=== Begin Enclosure ===
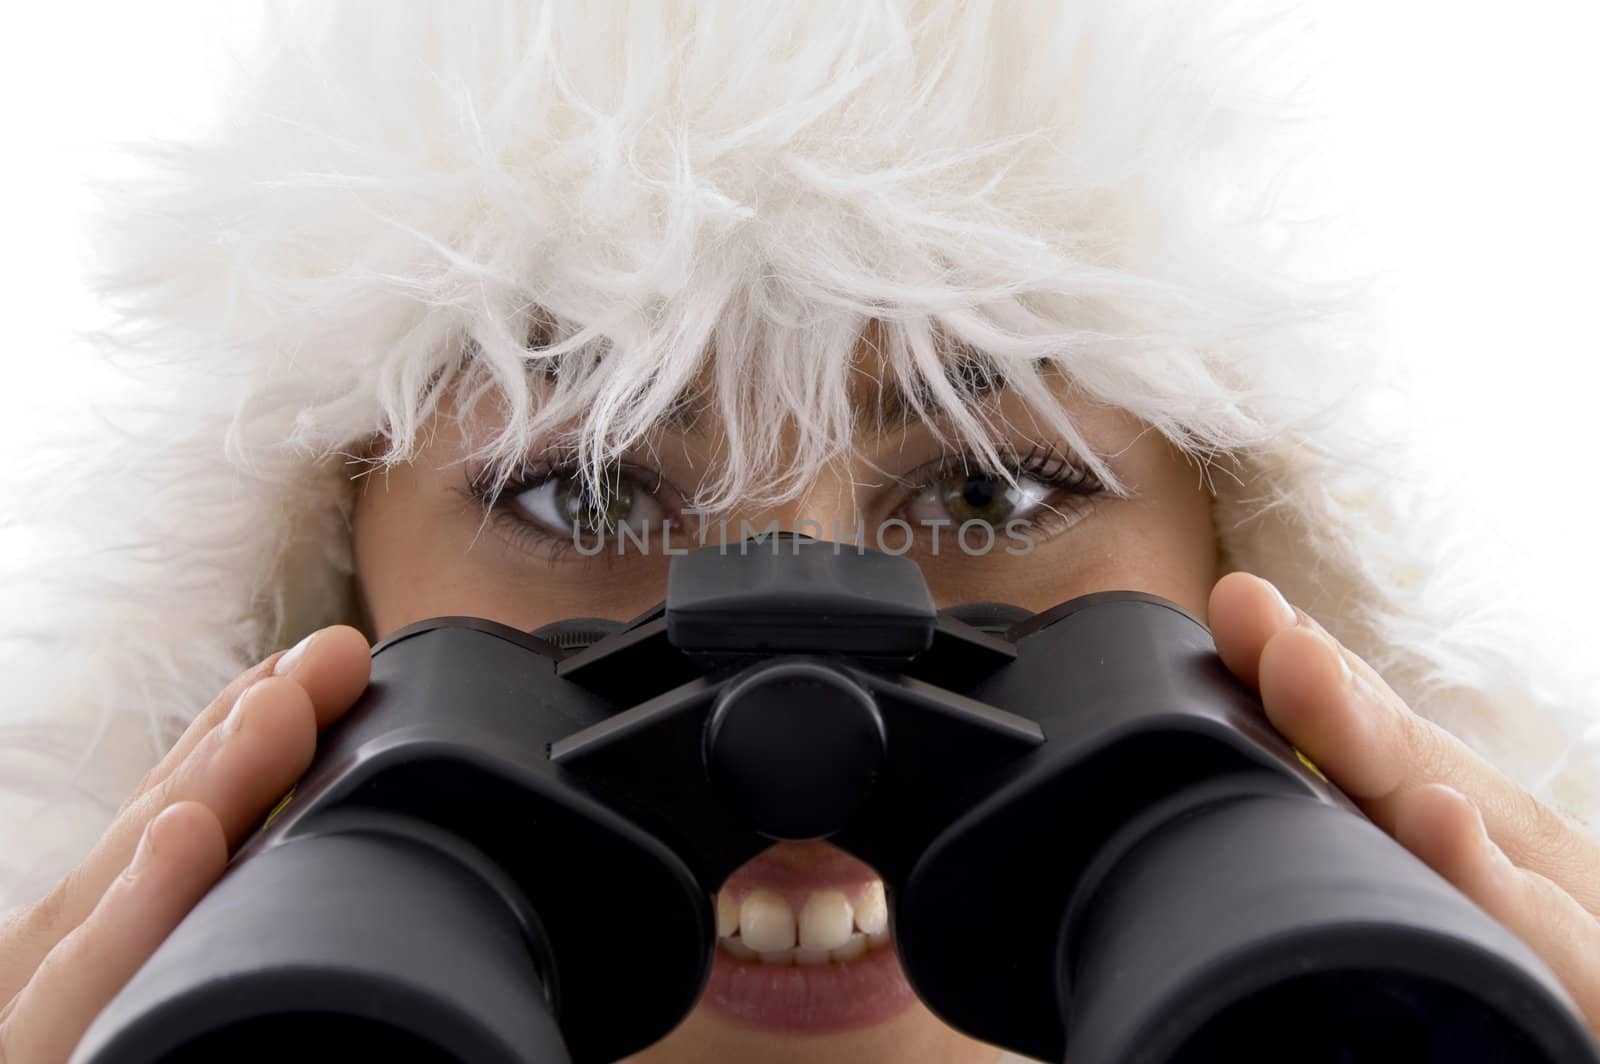 close up view of woman holding binocular by imagerymajestic
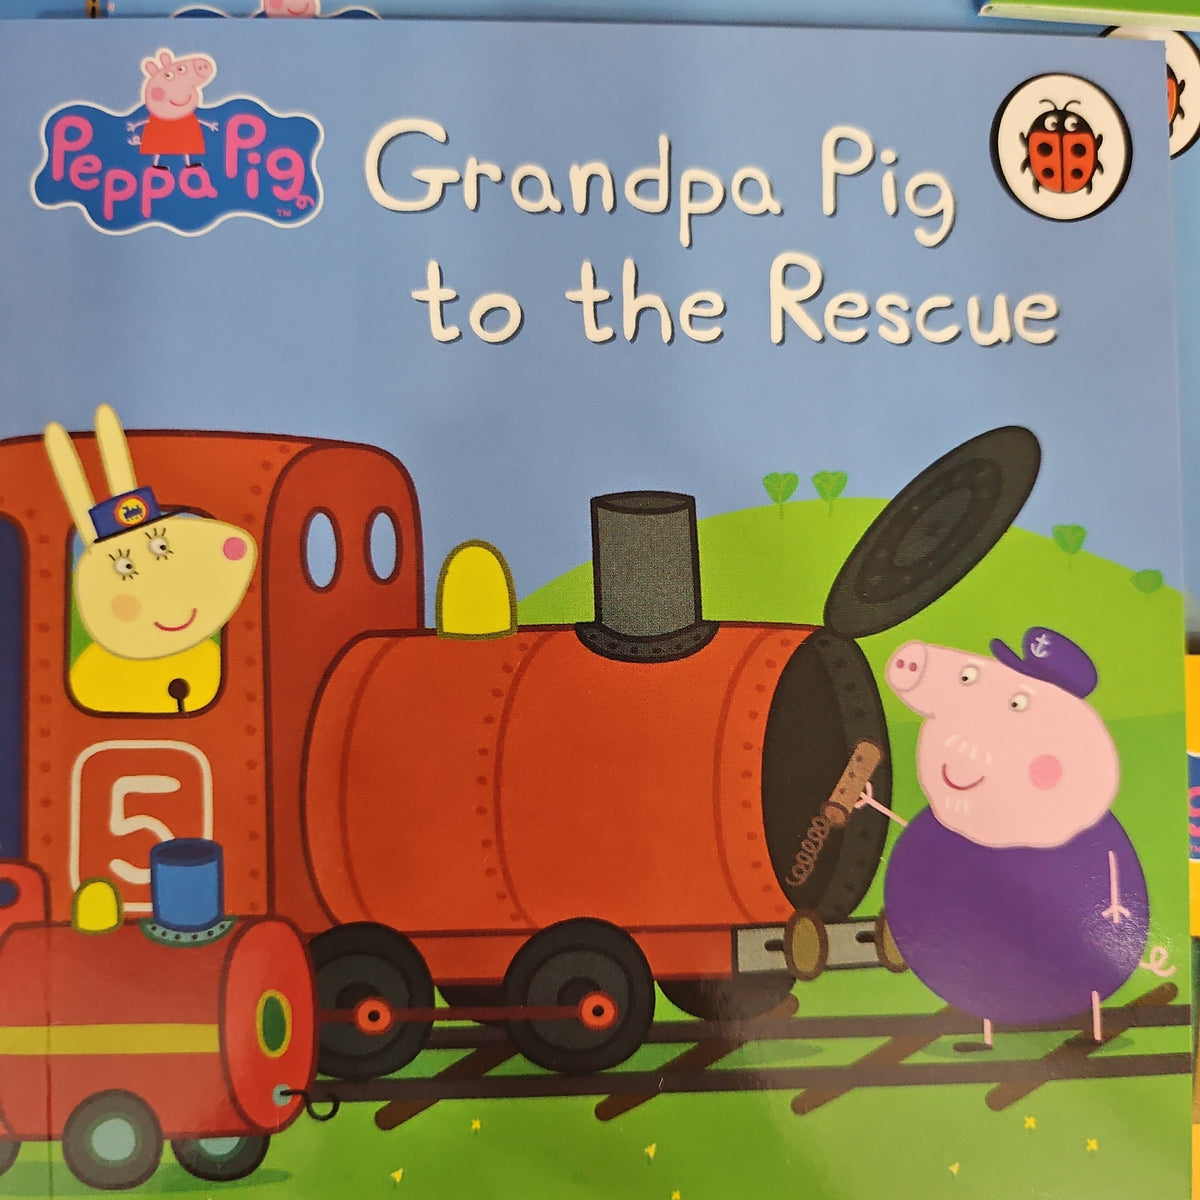 The Incredible Peppa Pig Collection:Grandpa Pig to the Rescue
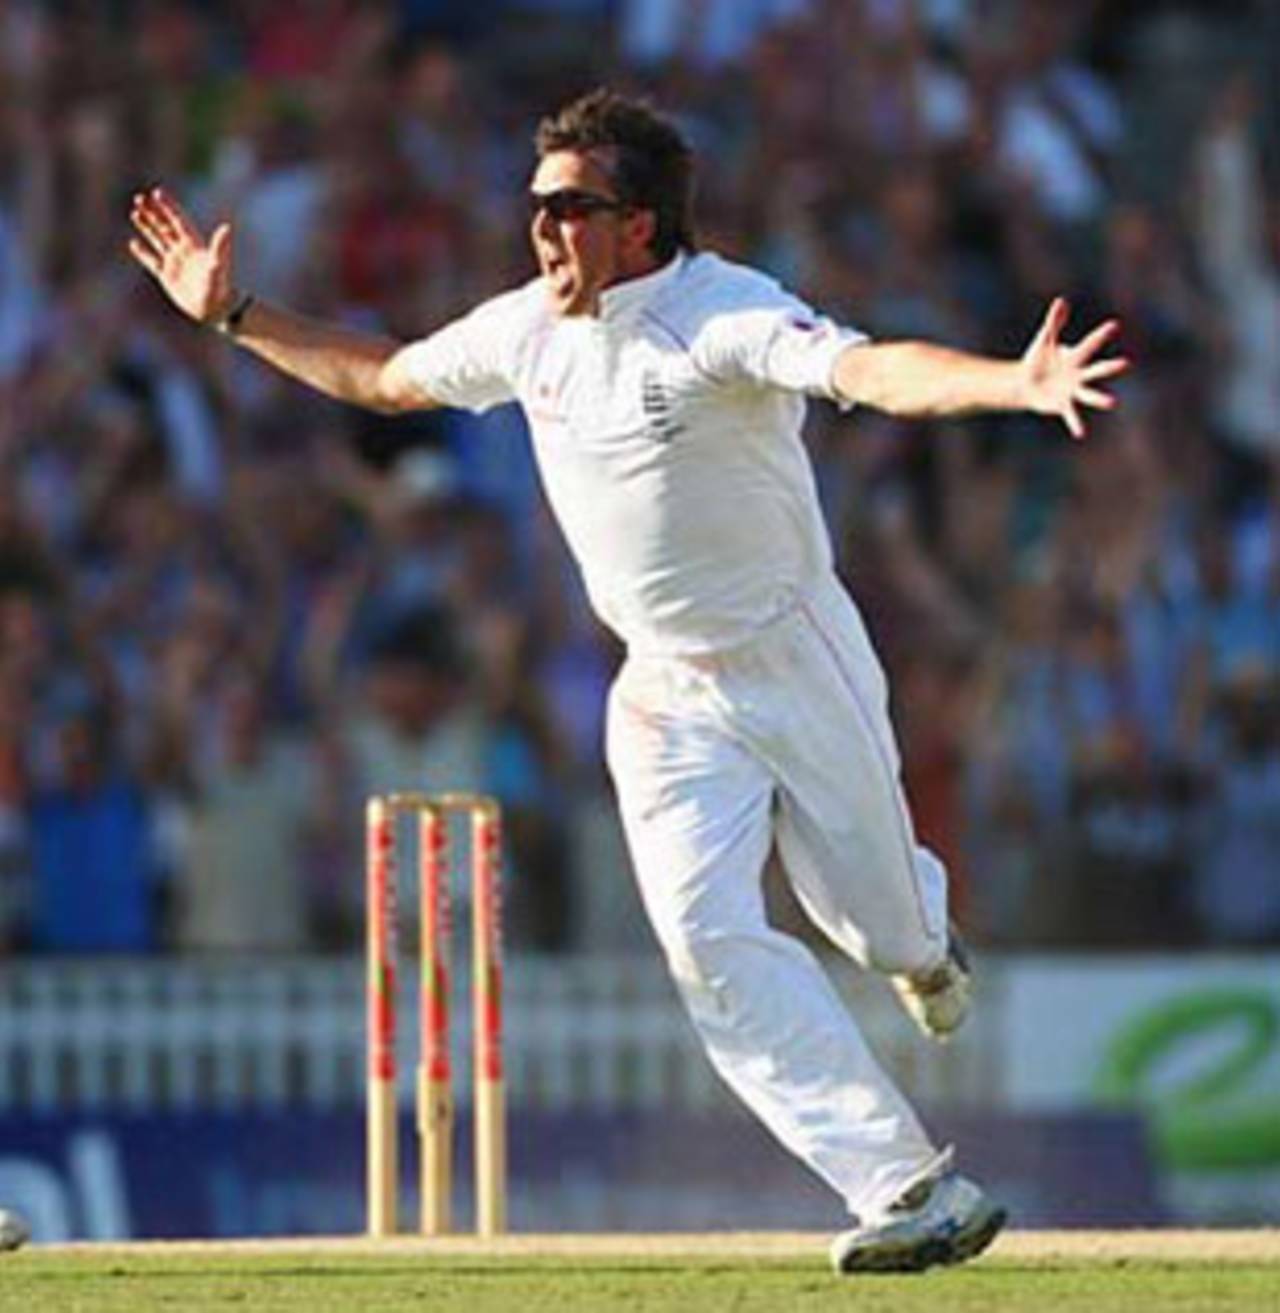 Graeme Swann claimed the final wicket as England regained the Ashes, England v Australia, 5th Test, The Oval, 4th day, August 23, 2009
=== End Enclosure ===
Task
Give back the listing exactly, with the pictures removed.

Response area
 close up view of woman holding binocular by imagerymajestic
 The Incredible Peppa Pig Collection:Grandpa Pig to the Rescue
 Graeme Swann claimed the final wicket as England regained the Ashes, England v Australia, 5th Test, The Oval, 4th day, August 23, 2009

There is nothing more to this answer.